Design for Signal, Not Volume
Hiring failures through scale are rarely about intent. They are about execution.
As companies grow, processes become bloated, ownership diffuses, and signal degrades. The result is slower decisions, eroding accountability, and a standard that quietly drops before anyone names it. The pattern we see most often: a company that hired with sharp instinct at seed loses that edge by Series B, not because the bar dropped, but because the system was never built to carry the bar forward.
We worked with a founder who had spent twelve months hiring from their network. It worked well enough to get to twenty people. But there was no foundation underneath it: no structured interview process, no scorecards, no feedback loops. Scorecards are not bureaucracy. They are the mechanism by which a founder’s instinct gets translated into a repeatable standard that holds as the team grows. Our guidance was to sequence the build deliberately: external recruiting support to fill immediate pipeline, and a first internal talent lead to build the infrastructure that would outlast any single search. Neither alone would have been sufficient.
High-signal hiring systems preserve that standard through structure, not despite it. Clear decision ownership. A small number of strong interviewers who know exactly what they are evaluating. Excellence in hiring is not about polish. It is about consistency and care, applied at every stage, not just the close. The companies that maintain their standard at scale treat hiring as a product: iterating constantly, measuring what matters. The question every founder should be able to answer before their next hire: who owns this decision, what are we evaluating, and how will we know if we got it wrong?
The Real Moat
Every advantage a resilience company builds is eventually pressured by better-capitalized competitors, shifting programs, or a market that catches up faster than expected. What does not get pressured in the same way is the quality of judgment inside the organization. Not because great people stay forever, but because the decisions they make and the standards they set compound into something structural.
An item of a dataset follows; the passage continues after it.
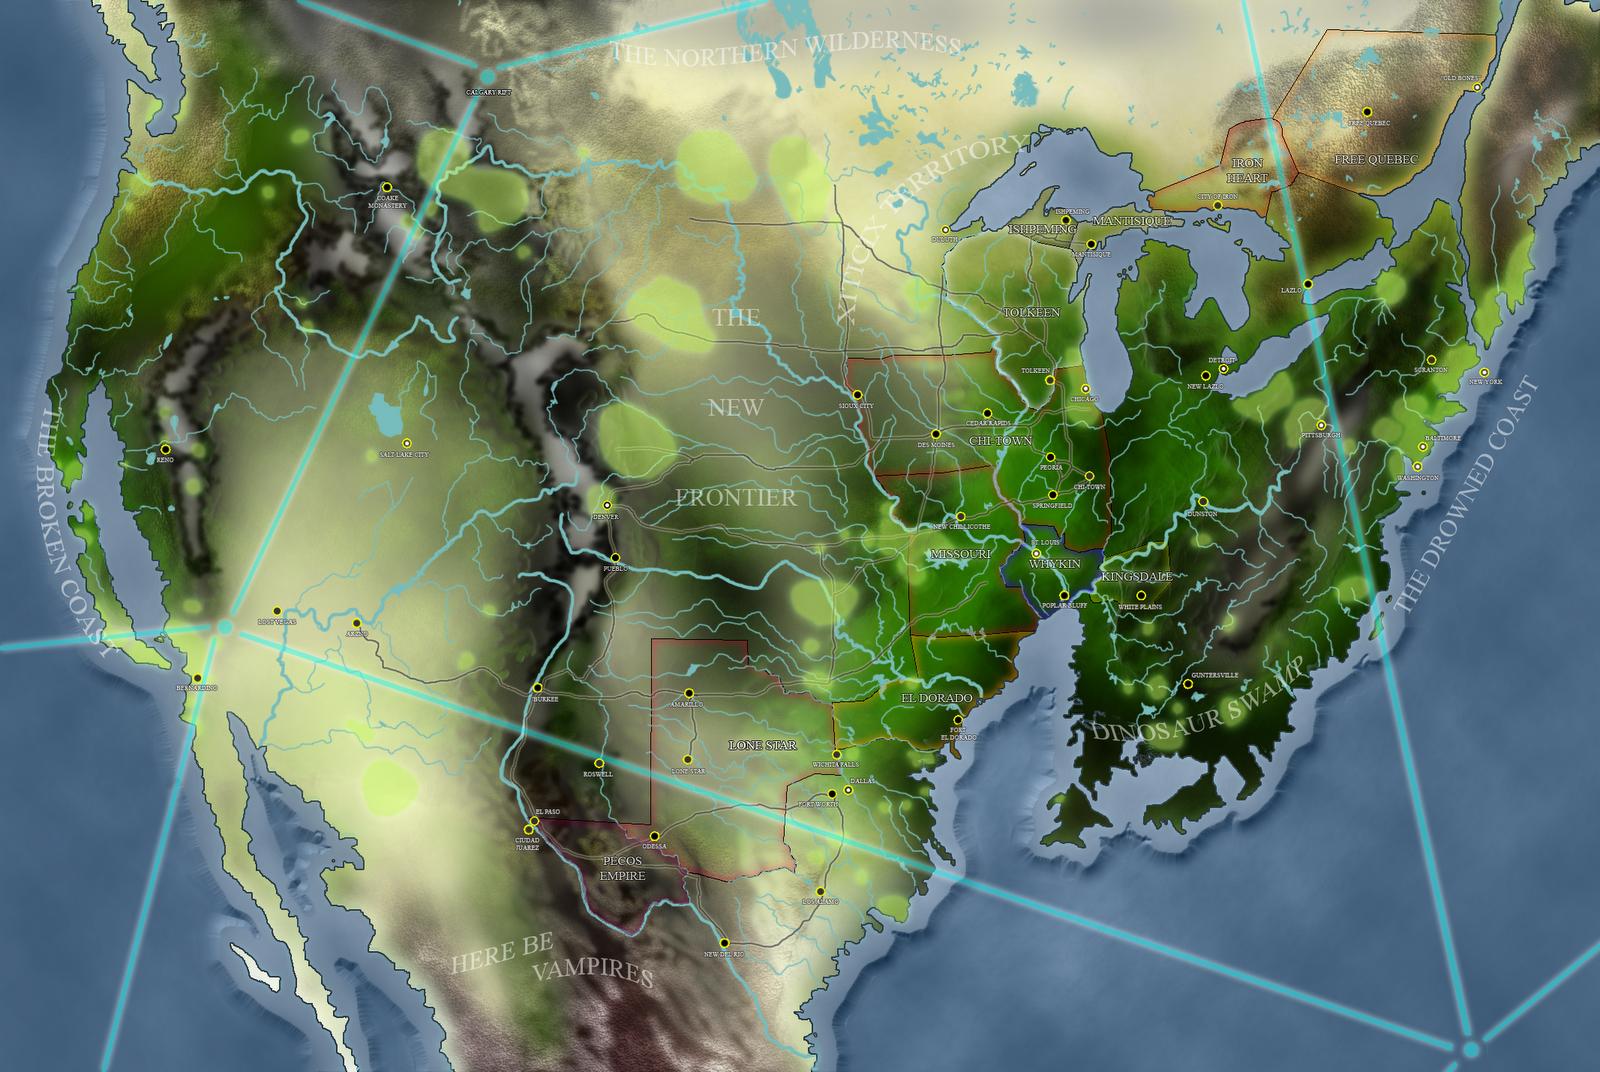 North America Map City And States%0A Palladium Rifts map

The most defensible assets in resilience are the hardest ones to put in a model. A product can be benchmarked. A contract can be valued. A market position can be mapped. What resists quantification is what happens to a team that has shipped under pressure, iterated under constraint, and stayed aligned through the hardest parts of building in a category that does not forgive mistakes. The one thing competitors cannot acquire, copy, or outspend is a team that has earned its judgment.